Le second questionnement a trait à l’implication du politique dans le développement de l’économie marchande transnationale tunisienne. Cette implication est dans un premier temps indirecte et influence l’organisation du commerce à travers l’établissement d’un cadre règlementaire et douanier qui contraint, comme c’est le cas en Tunisie, les acteurs marchands à la pratique d’une informalité allant de la petite fraude à la grande corruption. L’implication politique passe aussi par la négociation de la tolérance envers les contournements que les autorités dispensent ou non. Cette implication peut aussi aller jusqu’à l’organisation de l’importation transnationale et la co-construction de dispositifs de contournement règlementaires et douaniers par des cadres politiques.

Le cas tunisien que nous examinons implique de ne pas réduire l’aval des routes marchandes aux seuls bricolages, fraudes et arrangements individuels. Toujours possibles dans le cas de navettes transméditerranéennes avec le bourrage de valises et de cabas dans les aéroports, de telles pratiques n’apparaissent toutefois plus guère adaptées au développement d’une économie marchande transnationale et globalisée.
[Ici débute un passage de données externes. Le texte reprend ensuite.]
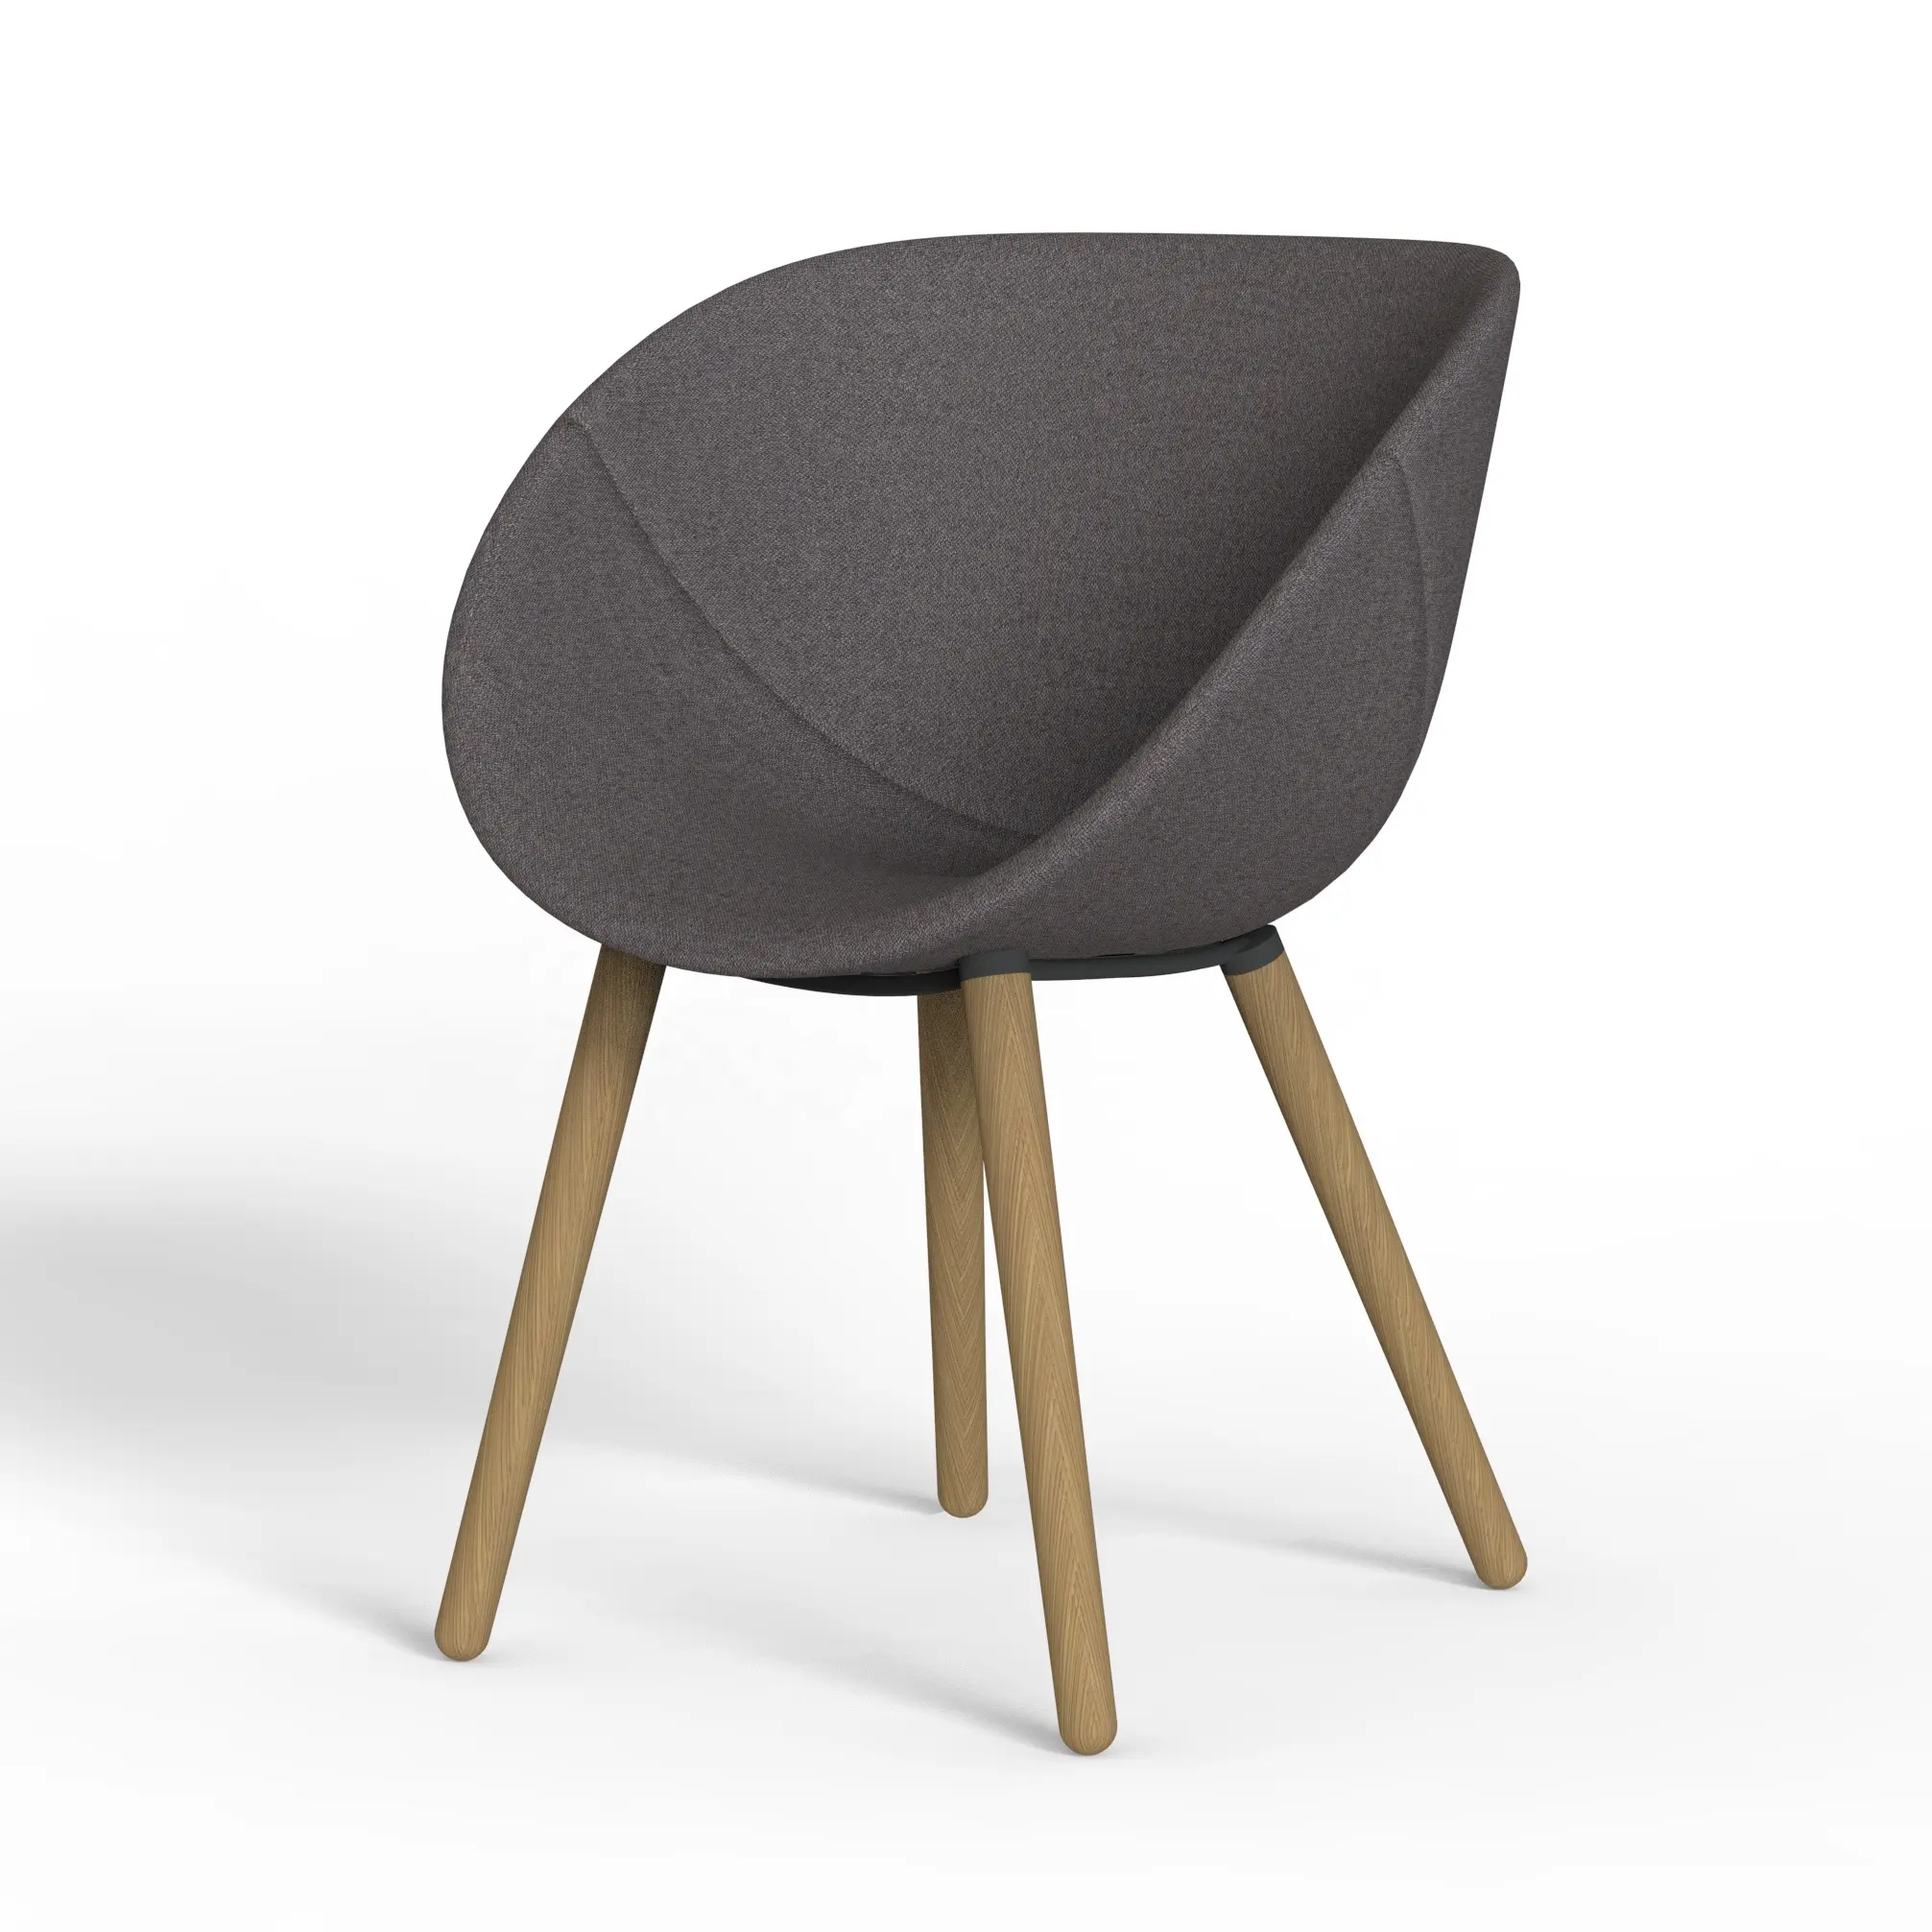 Ginkgo Chair Hotsale Nordic True Stylish Modern Designer Chair Dining Restaurant Office Molded Foam Office Meeting Chair

Elle implique en effet des négociations plus larges et en plus haut lieu dès qu’il s’agit de faire entrer sur le territoire et de commercer sur les marchés des quantités plus importantes. En somme, le passage des cabas aux conteneurs (Peraldi, 2001) est une question politique forte qui implique un examen des lieux et des espaces du franchissement des barrières douanières et de transgression de la norme légale. Cette dimension politique est également intrinsèquement liée au bouleversement politique induit par la révolution. Pour saisir les dimensions du changement, les chapitres 3 d’une part et 4 et 5 d’autre part aborderont l’avant puis l’après 14 janvier 2011.

Le chapitre 3 pose la question de l’implication politique du régime du président Ben Ali dans le développement du commerce transnational en Tunisie. Cette implication a conduit à la fabrique de dispositifs de contournement spatialisés et différenciés notamment entre Tunis et les régions frontalières. L’efficacité de ces derniers a transformé le pays en une sorte de zone franche pour les importations transnationales.
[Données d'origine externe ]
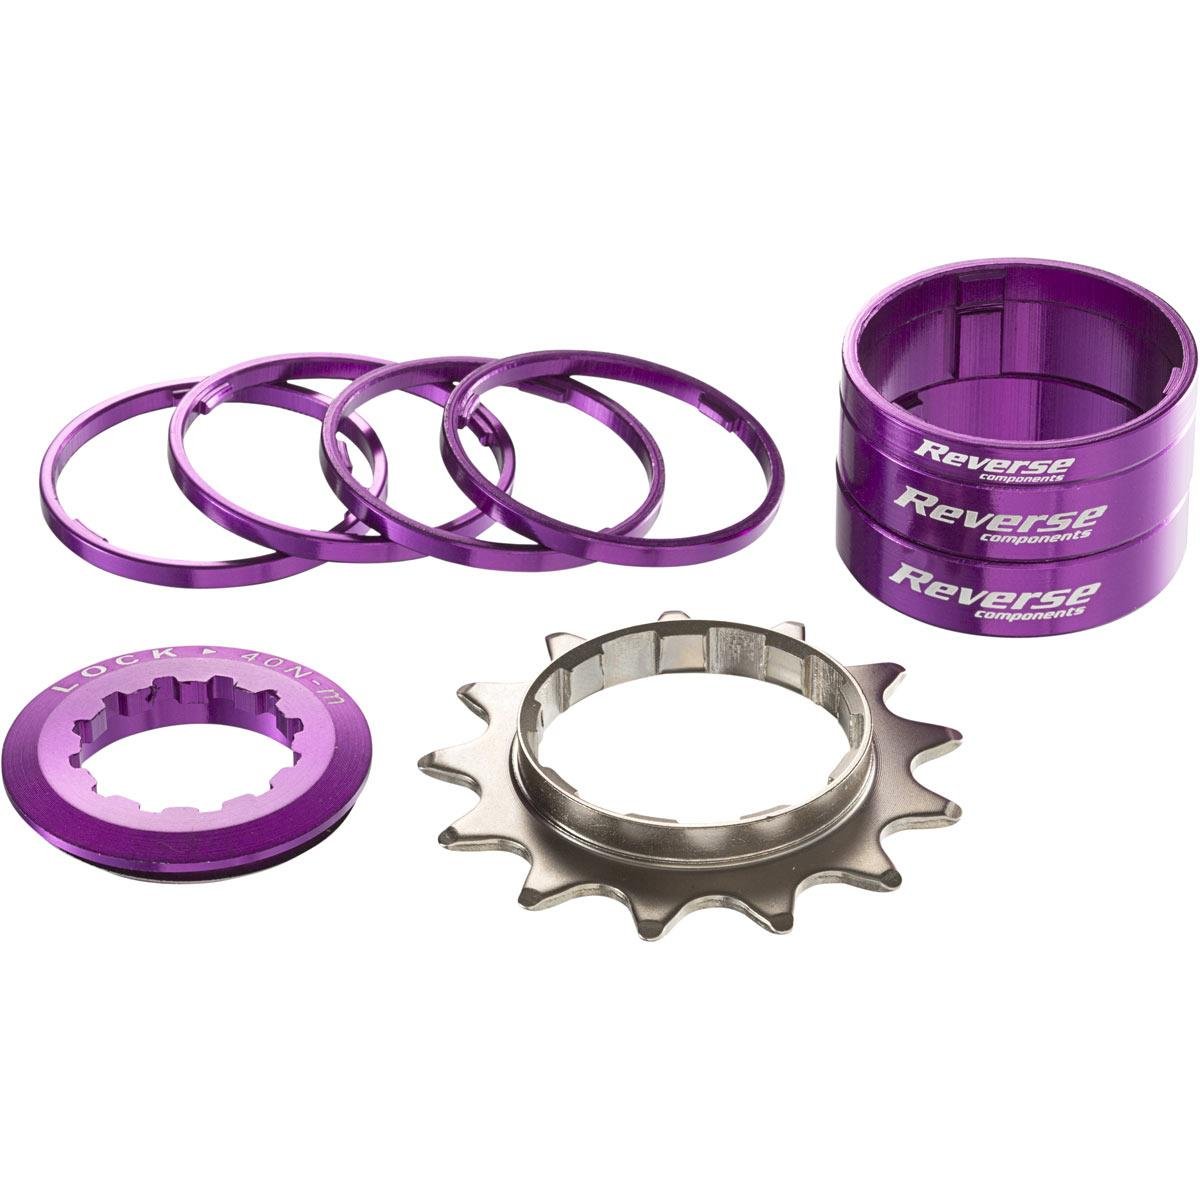 Reverse Components Singlespeed Conversion Kit  Purple, 13 Teeth

À partir de la remise en cause de ces dispositifs et de la désorganisation de l’activité commerciale transnationale à la chute du régime en janvier 2011, le chapitre 4 questionne les recompositions de l’imbrication du politique et de l’économie transnationale en Tunisie. Ce chapitre aborde alors les stratégies des acteurs marchands

dans la période de transition politique où les négociations sont à refaire et où les obstacles et les tensions sur les dispositifs de franchissement des barrières douanières comme sur les marchés s’accumulent. Il s’agit de relier cette fébrilité d’une économie marchande en quête de contournement, de garanties politiques et de protections avec la labilité et l’instabilité des routes marchandes qui se jouent à l’entrée des marchandises sur le territoire national.

Le chapitre 5 interroge, toujours dans l’actuelle période de transition politique, la gouvernance du commerce transnational du point de vue de l’État tunisien post-révolutionnaire. Il s’agit d’abord d’examiner si la révolution a engagé une véritable rupture avec les pratiques de l’ancien régime, puis de mettre à jour les problèmes posés aux autorités par les circulations marchandes transnationales. Enfin, il est question d’évaluer les politiques menées dans la période de transition démocratique, leurs moyens, leurs échelles et leurs effets sur cette activité marchande et son organisation.